Weight Loss Support - Is anyone else trying to get out of the 280s?
07-13-2010, 04:45 PM
280, well 286 or so is just so close to 300. I remember being 149 and thinking if I got over 150, I would just die. And then I was 195 forever and thinking there is no WAY I'll let myself get over 200. And now here I am. I have got to draw the line somewhere.
Is ANYONE else trying to put the breaks on the 280s and start getting closer to 200 than 300? I would love to share encouragement with someone close to my weight range.
07-13-2010, 04:55 PM
I am in the same boat you are sweetpea and I belong to a group called the 280 ladies. It's a wonderful forum here with women in, or started in the 280's, and are striving to reach wonderland. If you go to my profile and click my posts, you should she the forum, "280's to onderland". Please feel free to join us, we are a wonderful group. Good luck with your goals! I hope to see you around the forum!
07-13-2010, 05:15 PM
I started out at 287 lbs - at only 5 feet tall.
Back then, I made my *main home* 100 lb club, in fact I still hang out there a lot.
I think you will find MANY people with your numbers and similar ones. It is chock full of support, encouragement, advice, and camaraderie. There is much to gain from being there amongst people who are at all different stages of this journey. Please take a look, pull up a chair and get comfy.
Med School Mom
07-13-2010, 05:17 PM
I'm right there with you. I remember the days when I was unhappy with the way I looked at 170 (I'm 6'1" so 170 is ideal for me). I think ultimately this is why I gained so much weight...I could never be happy with my body and was always dieting. I never learned to be happy with my body and how to maintain my wieght.
07-13-2010, 05:37 PM
I think ultimately this is why I gained so much weight...I could never be happy with my body and was always dieting.

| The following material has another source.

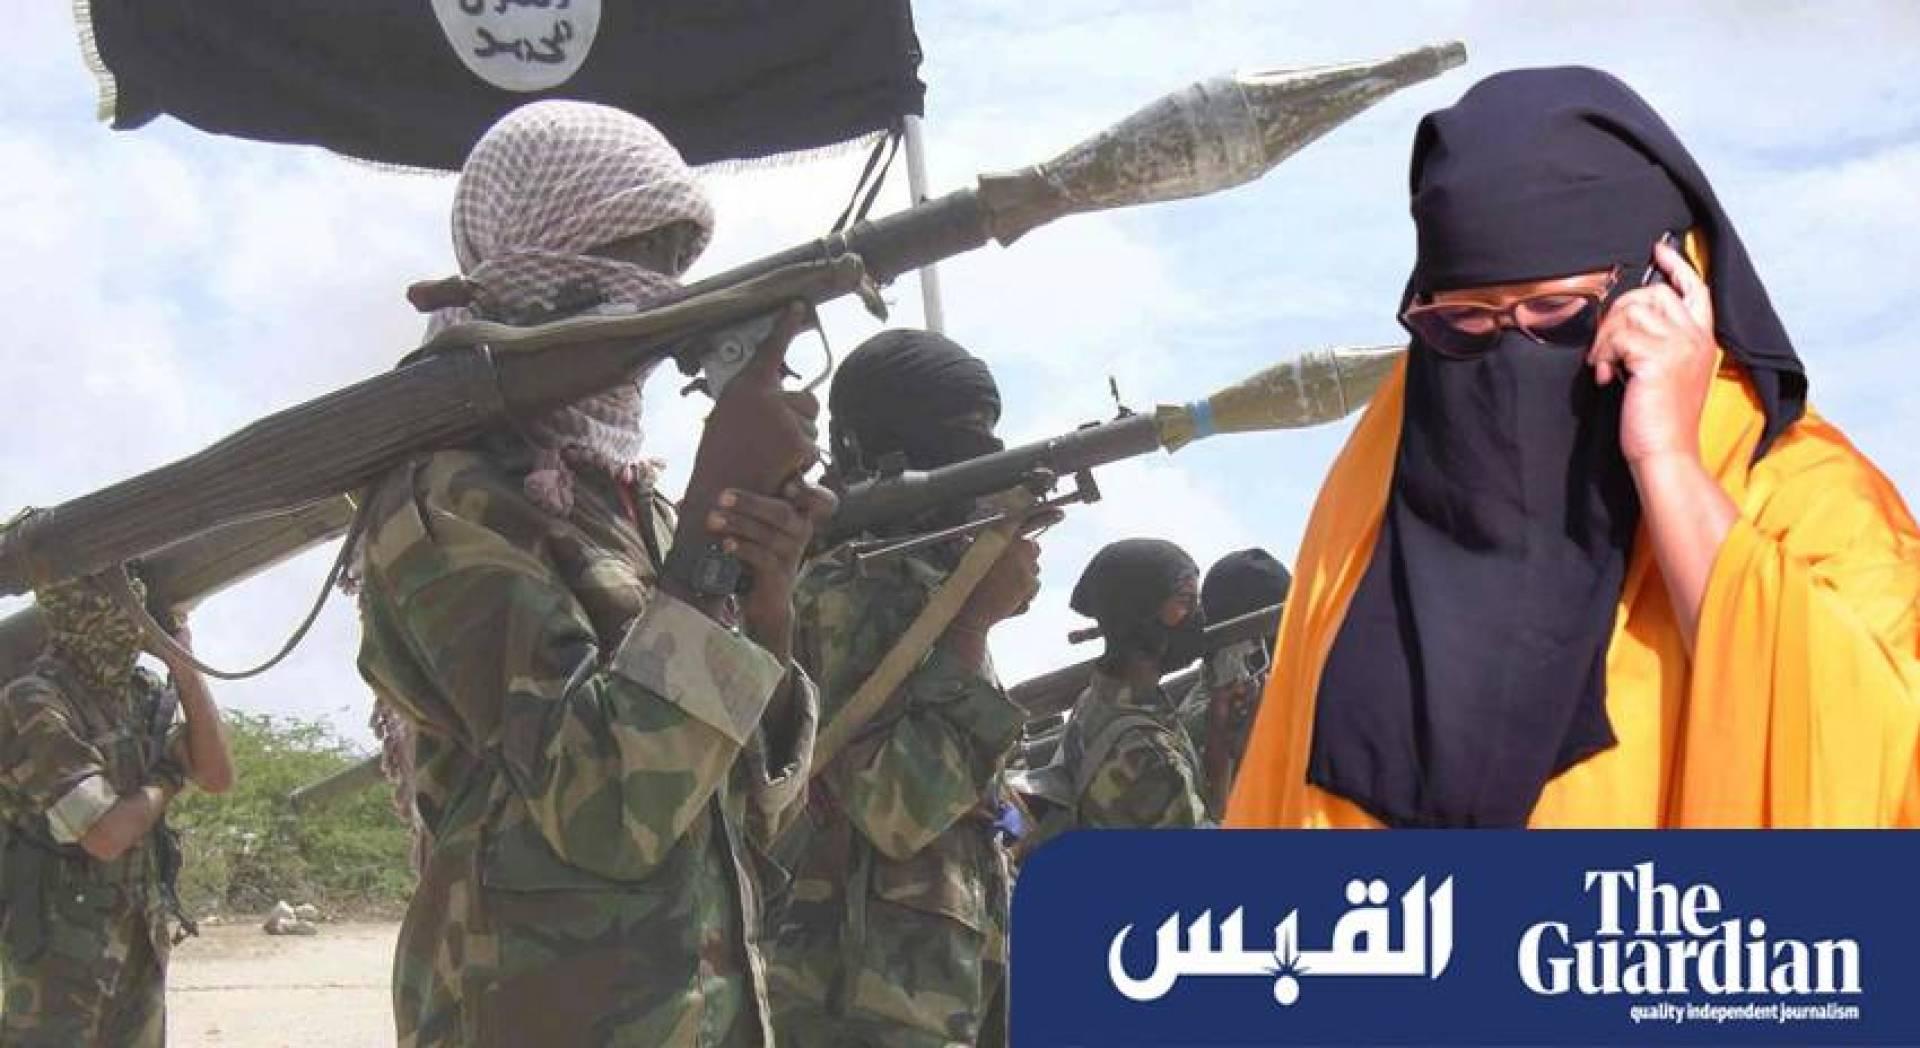 «ماما بوكو حرام».. قصة امرأة تكافح لإنقاذ أطفالها من الإرهاب

I had a similar revelation recently. I found pictures from camp when I was a teenager. I always thought of myself as horribly fat but in the pictures, I'm exactly the same size as all the other cheerleaders. My friend that I thought of as being "the pretty one" was actually bigger than me in the hips and thighs. I had no idea. I always thought of myself as horribly fat so I know a lot of times my thinking was, why not have fast food at midnight? I'm already huge, what's one more hamburger. I hate how much of my life hinged on this wrong headed thinking.
Thanks for the info on where to look for more people in my weight range. I'm heading over!